Construction of Jennings Randolph (then known as Bloomington Dam). Photo: Baltimore Sun.

The North Branch Potomac River and its tributaries are recovering from significant environmental degradation experienced in the 20th century. Riverbank communities flooded frequently, and river waters were adversely impacted by low pH, industrial effluents, municipal wastewater discharges, and sediments.

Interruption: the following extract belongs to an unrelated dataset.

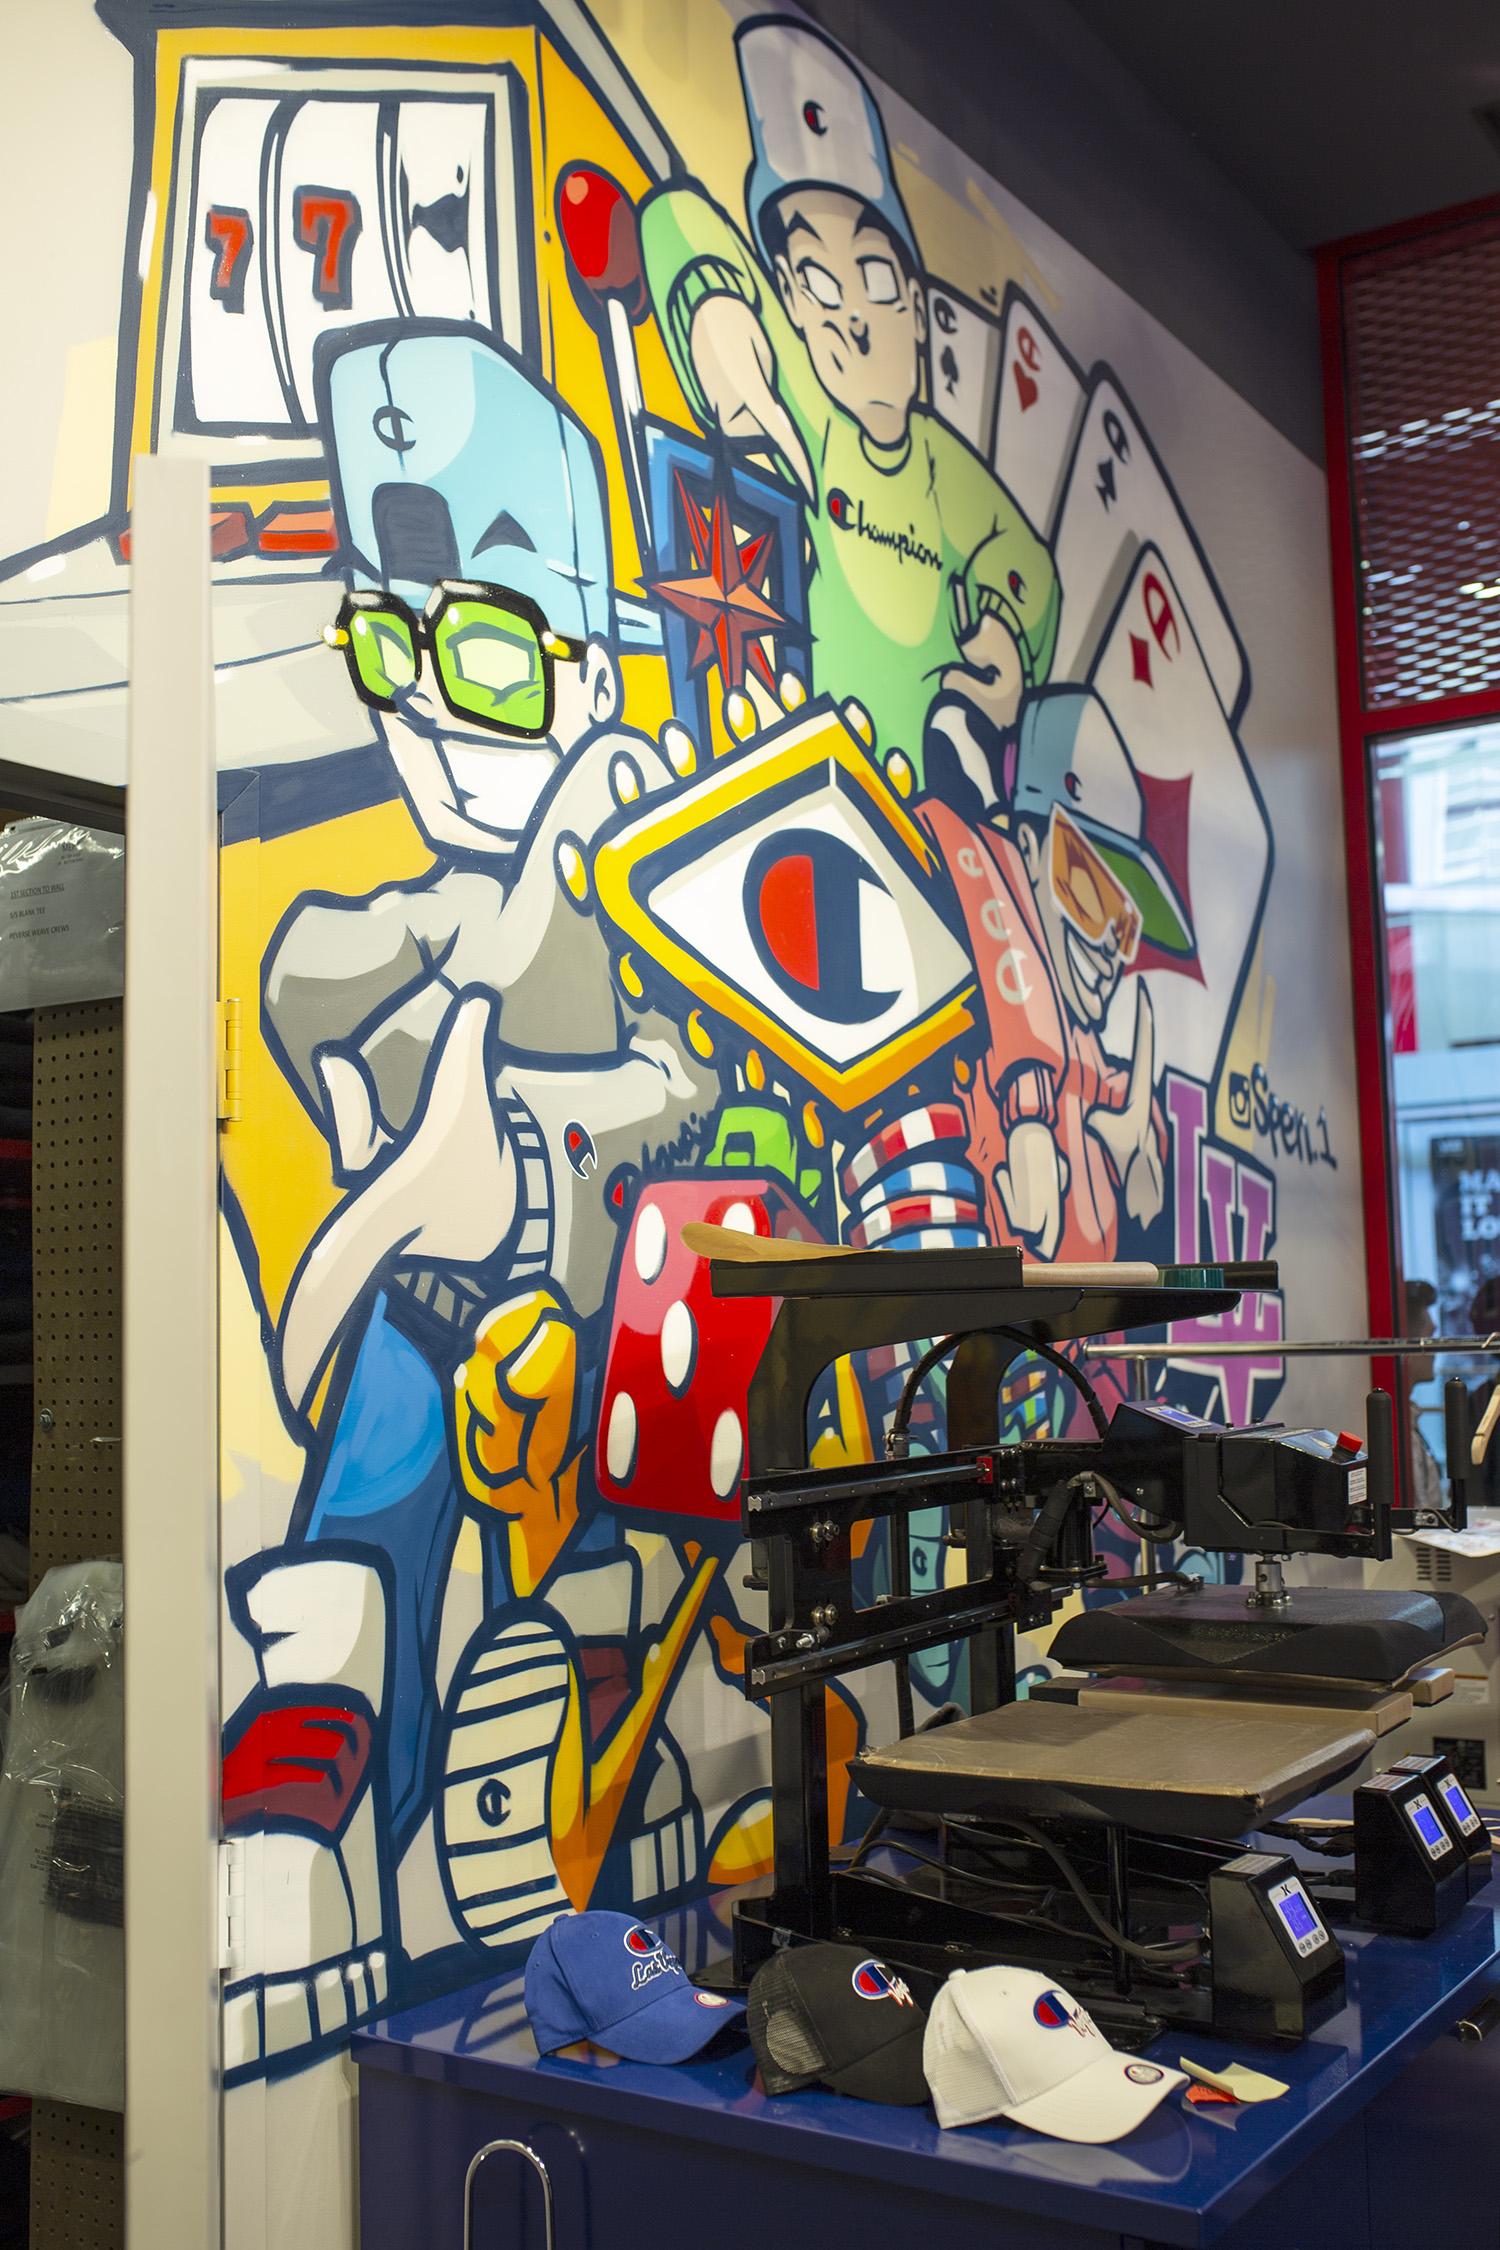 Las Vegas Graffiti Artist for Hire

A dam across the North Branch was completed in 1982 to create Jennings Randolph Lake (JRL). The lake, operated by the U.S. Army Corps of Engineers (USACE), has four mandates:

  1. Control flooding,
  2. Dilute downstream pollution,
  3. Supply drinking to Washington DC during droughts, and
  4. Provide for recreation.

Watershed Analyses and North Branch Scoping Study

ICPRB reviewed and analyzed monitoring data collected by multiple agencies in the North Branch Potomac River watershed and found significant improvements in water quality. The improvements can be attributed to many factors, including regulatory enforcement, mine runoff mitigation, wastewater treatment, infrastructure improvements, forest regrowth and the abatement of acid rain.

Current JRL dam operations still play an important role in controlling floods along the river mainstem but have less and less of a role diluting downstream pollutants, especially after the Luke paper mill closure in 2019.

A scoping study report drafted by USACE and ICPRB determined that an update of the 1997 Reservoir Regulation Manual was needed. The management tools used now and the available instream data are insufficient to determine Jennings Randolph Lake’s role in the current ecosystem. The report concluded the update should be performed after additional information had been collected and studied.

Trout Habitat Studies

USACE cold-water releases from JRL in summer presently cool the river for miles below JRL. These releases have improved aquatic habitats for cool- and cold-water fish. Native brook trout (Salvelinus fontinalis), as well as naturalized brown trout, have been successfully reproducing in the JRL tailwater area since 1990. ICPRB is encouraging USACE to incorporate an objective of maintaining low temperature summer releases into its water quality authorized purpose because the need to address pollution-related objectives is lessening. A long-term goal would be to extend trout habitat further downstream and establish a self-sustaining sport fishery.

Flexible Flow Management

A large river nestled between two forested mountains.

North Branch Potomac

USACE and ICPRB rely on quantitative tools to support their respective roles in making JRL storage and release management decisions. Currently the USACE quantitative tools are primarily used to provide information during high flow periods and ICPRB’s tools are focused on drought. The high frequency temperature data will allow further development of these and other tools to achieve a higher degree of overlap in model predictions and develop flexible flow management scenarios.